» **WHAT THIS TASK INVOLVES**
Pictures stay out. Everything else in the listing below gets written out exactly.

» **PROVIDED DATA**

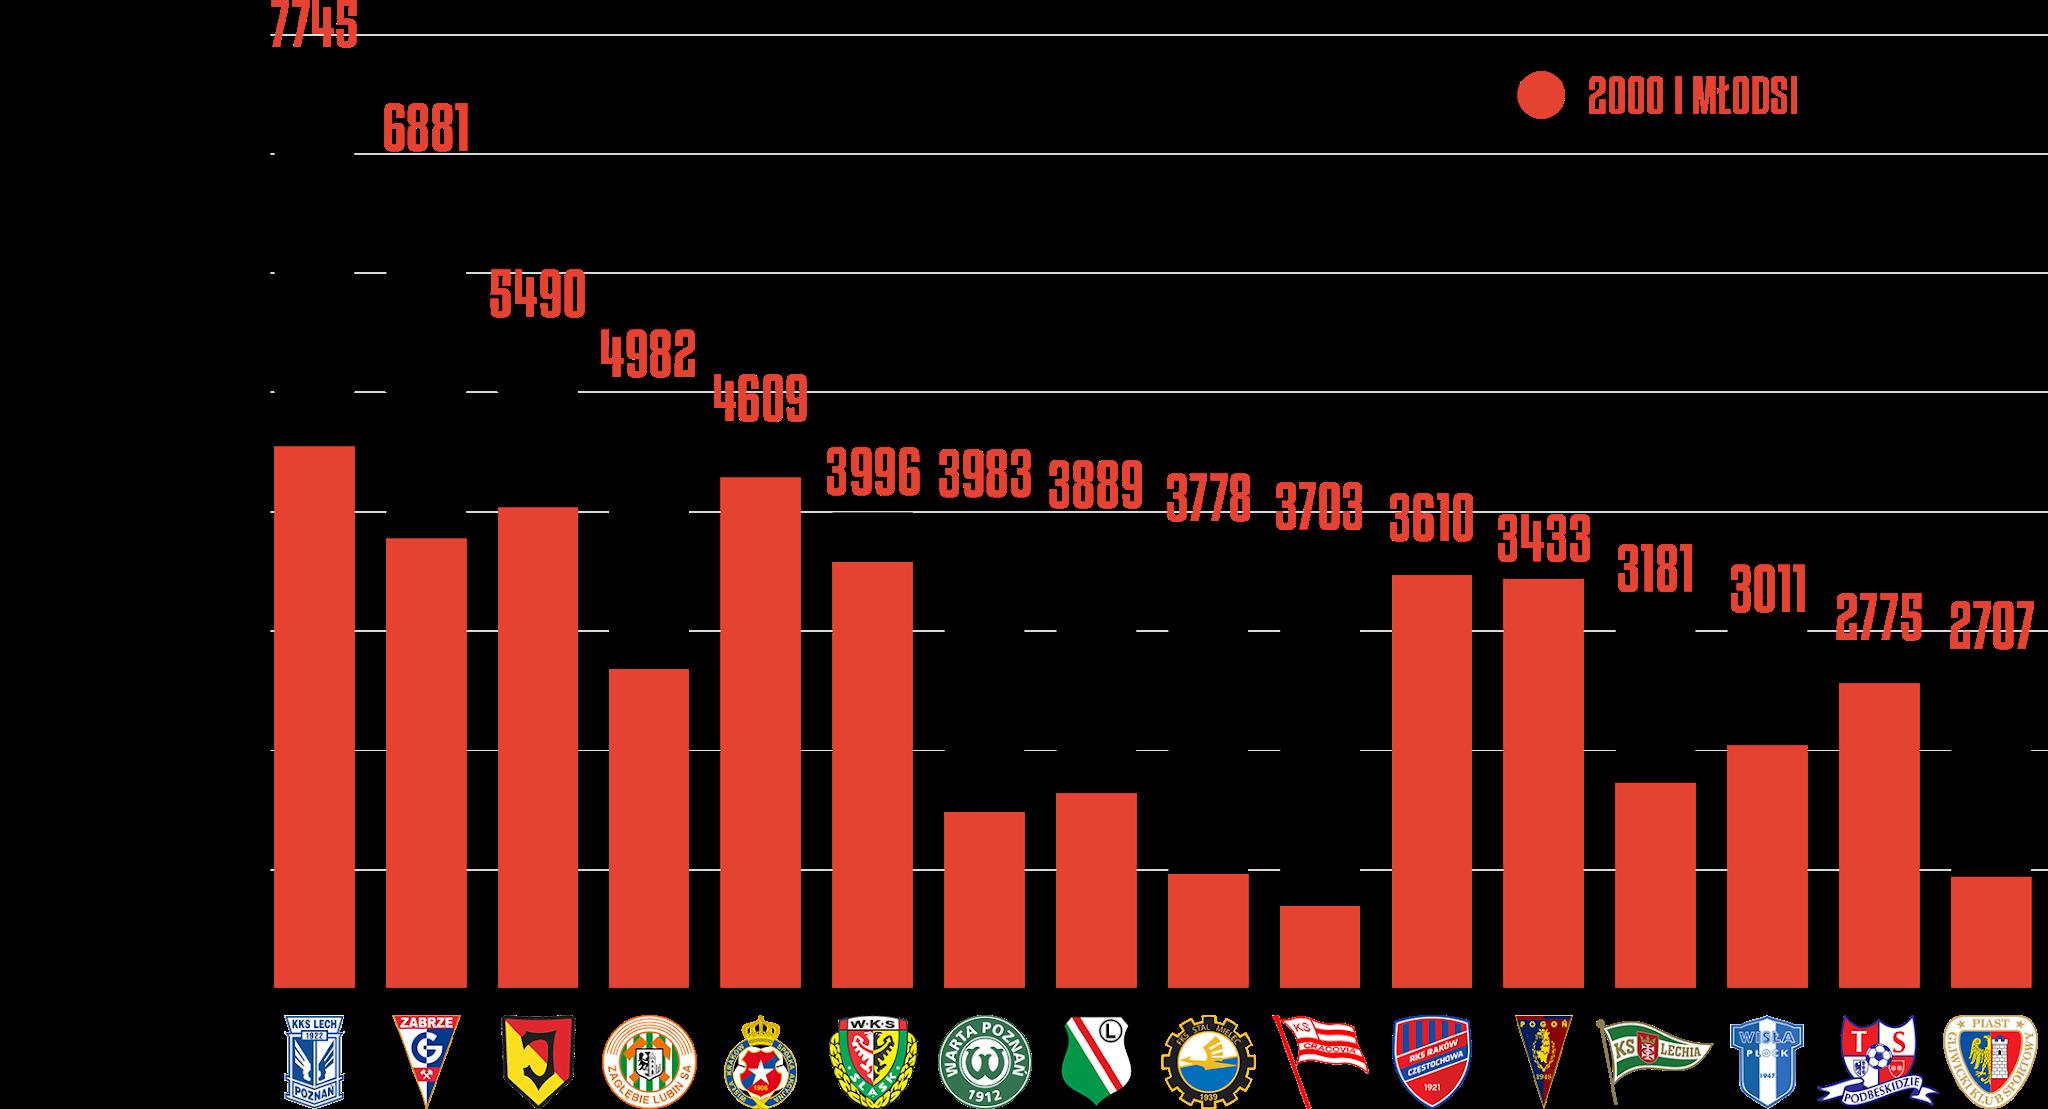 Klasyfikacja klubów pod względem rozegranego czasu przez młodzieżowców po30kolejkach PKO Ekstraklasy 2020/21<br><br>Źródło: Opracowanie własne na podstawie ekstrastats.pl<br><br>graf. Bartosz Urban
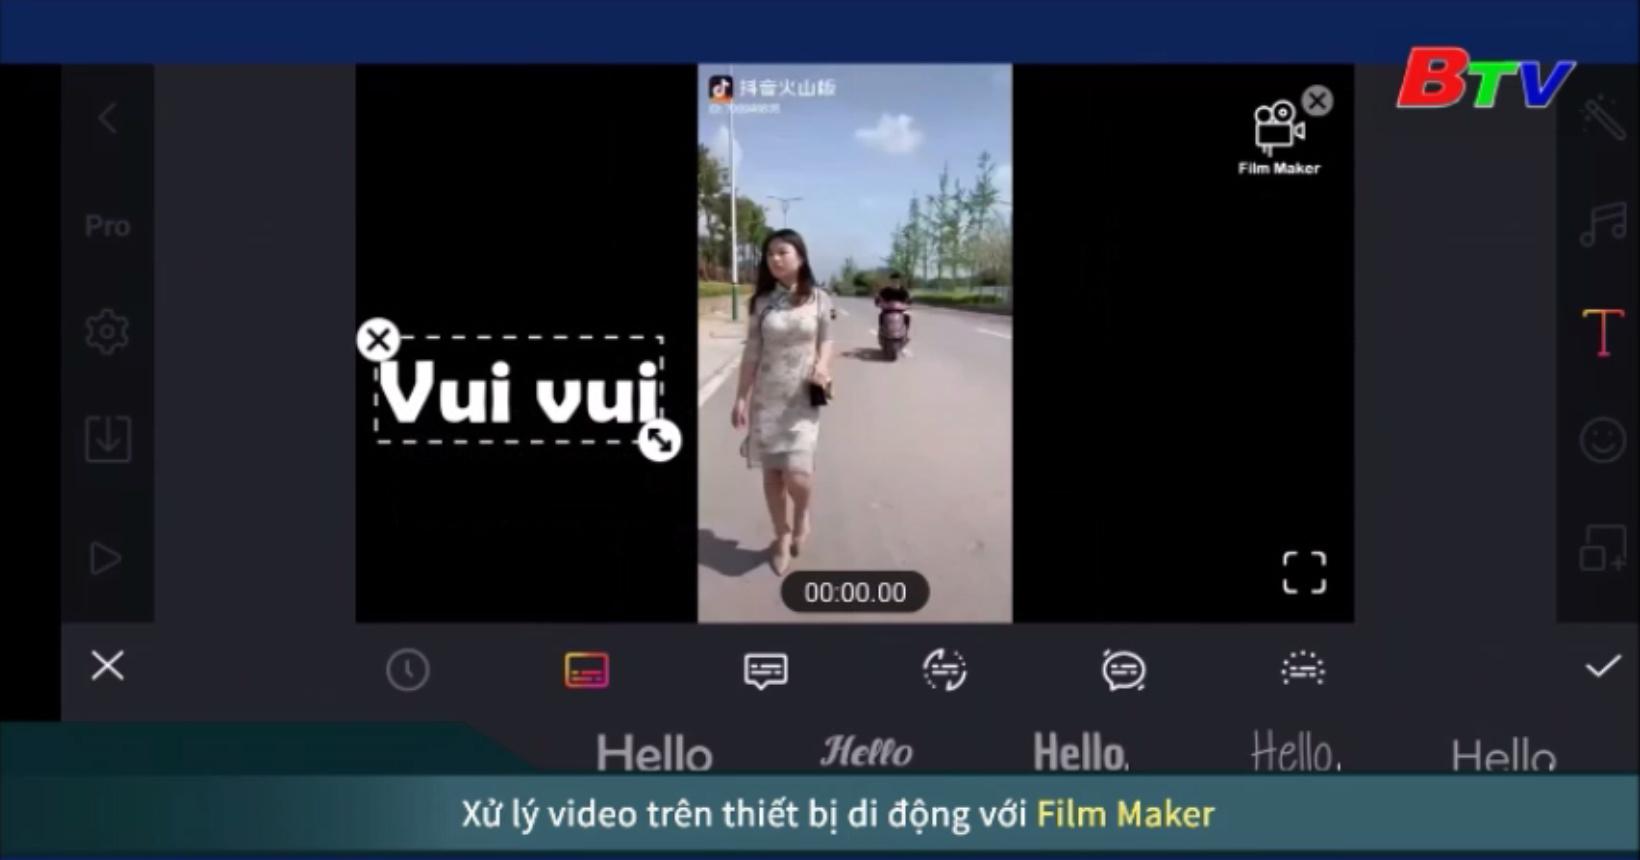 Xử lý video trên thiết bị di động với Film Maker
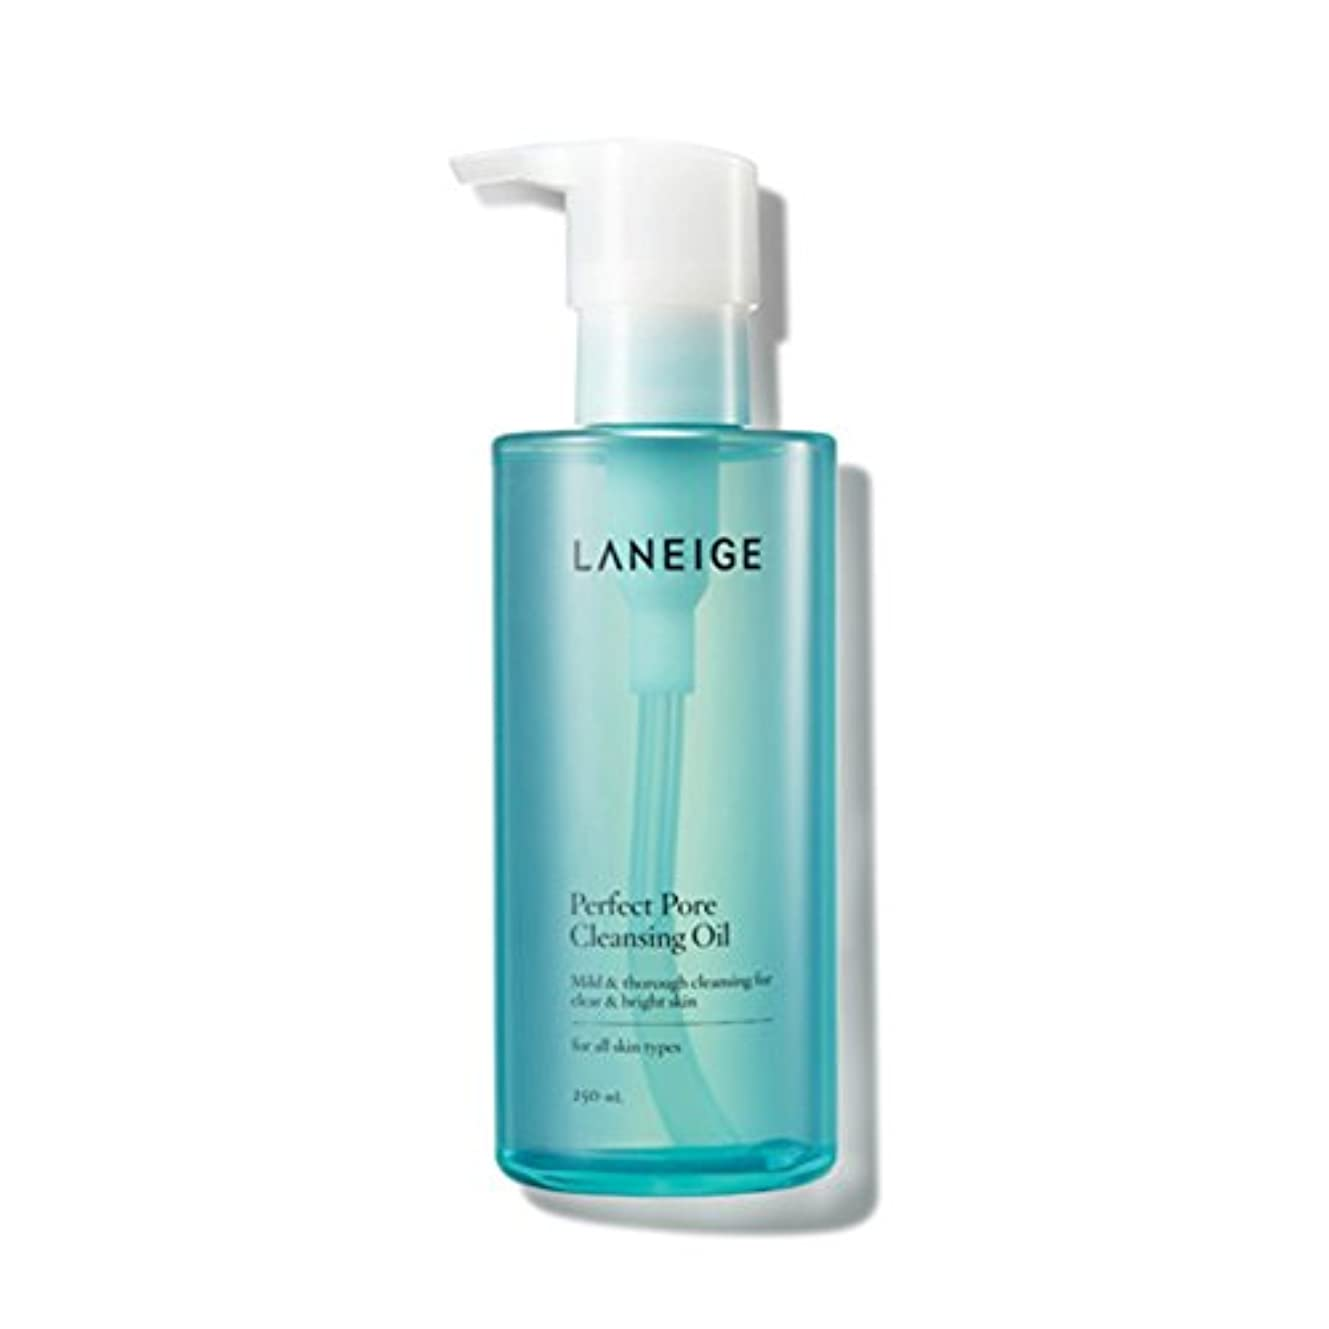 エミュレーション五十エンジン[ラネージュ/ LANEIGE] ラネージュ パーフェクトポア クレンジングオイル 250ml/ Perfect Pore Cleansing Oil +[Sample Gift](海外直送品)

» **RESPONSE**
 Klasyfikacja klubów pod względem rozegranego czasu przez młodzieżowców po30kolejkach PKO Ekstraklasy 2020/21<br><br>Źródło: Opracowanie własne na podstawie ekstrastats.pl<br><br>graf. Bartosz Urban
 Xử lý video trên thiết bị di động với Film Maker
 エミュレーション五十エンジン[ラネージュ/ LANEIGE] ラネージュ パーフェクトポア クレンジングオイル 250ml/ Perfect Pore Cleansing Oil +[Sample Gift](海外直送品)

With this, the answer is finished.